In the spirit of Edgar Rice Burroughs’ 1918 classic The Land that Time Forgot (an author also referenced by the narrator with intentional comparisons to help convince the reader of the story’s fantastic plausibility), our heroes are thrust into an unfamiliar world of prehistoric wonder.

The process of teleportation has been addressed in variety of ways throughout literature, but many leave a lot to the imagination or simply avoided the issue. John Norman’s Gor series, Stephen R. Donaldson’s Chronicles of Thomas Covenant, and even Burroughs’ John Carter stories danced around the science to simply jump right into the crux of the story. But Journey to Where takes a fresh approach by giving a nod to current events, feeding off of the growing public concern regarding the unknown potentials of particle accelerators. Though this story might add fuel to some of those fears, the inclusion of such a topical technological element is sure to bring pure joy to the hard-core fans.

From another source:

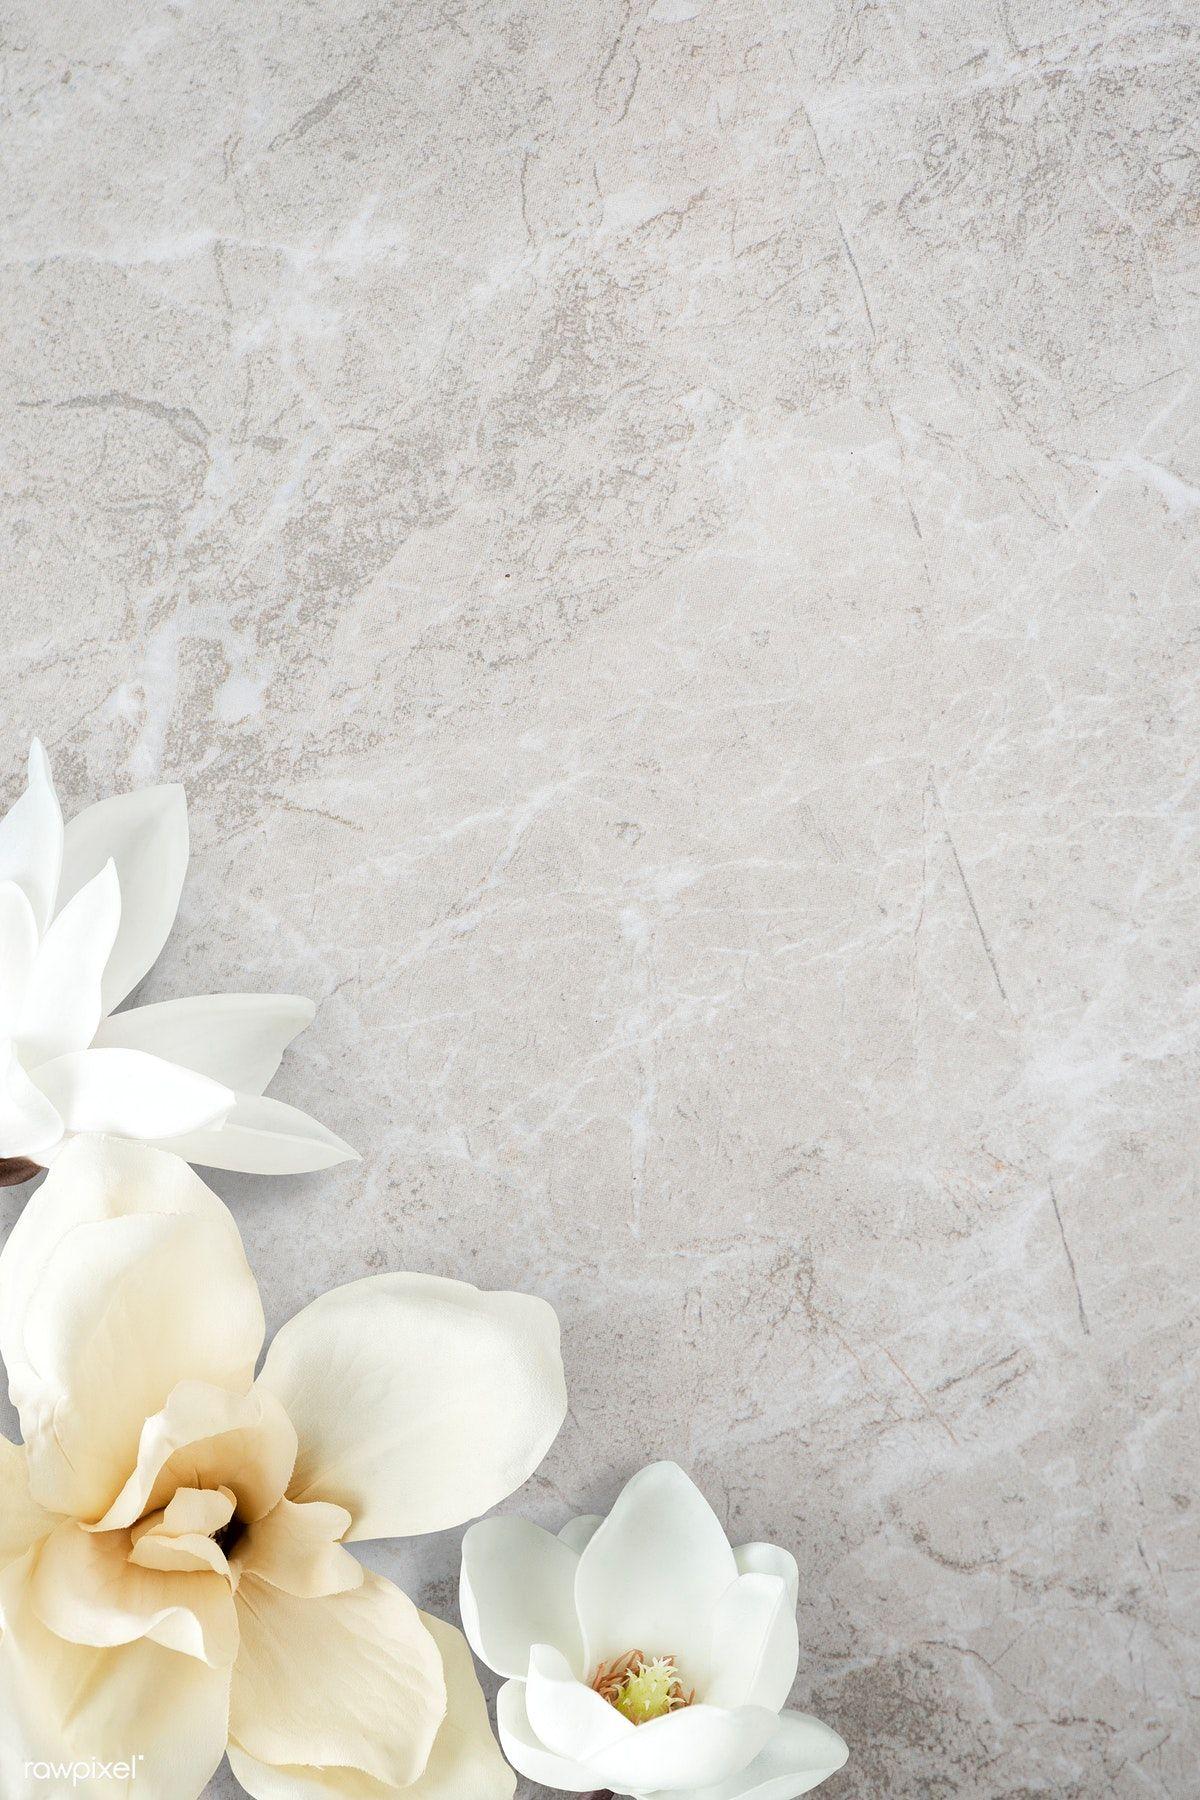 Download Premium Psd Of White Magnolia Pattern Background 1204187 Flower Backgrounds Background Patterns Flower Background Iphone Flower theme wallpaper images

The character development of the cast in Journey to Where is quick and effective, allowing the reader to immediately accept the internal conflict within the group and follow the drama within the adventure with anticipation. Though the sarcastic and sometimes humorous banter often traded between characters helps lesson some of the obvious tension, the dialog does get lost at times when trying to determine exactly who is speaking.

The author’s true strength is in storytelling. The attention to detail is spot on, providing just enough visual imagery to fill the reader’s perception without diluting the setting with unnecessary clutter. Throw this in with a strong cast and a nicely paced plot, and Journey to Where by Steven Paul Leiva is a fun read sure to entertain fans of the classics.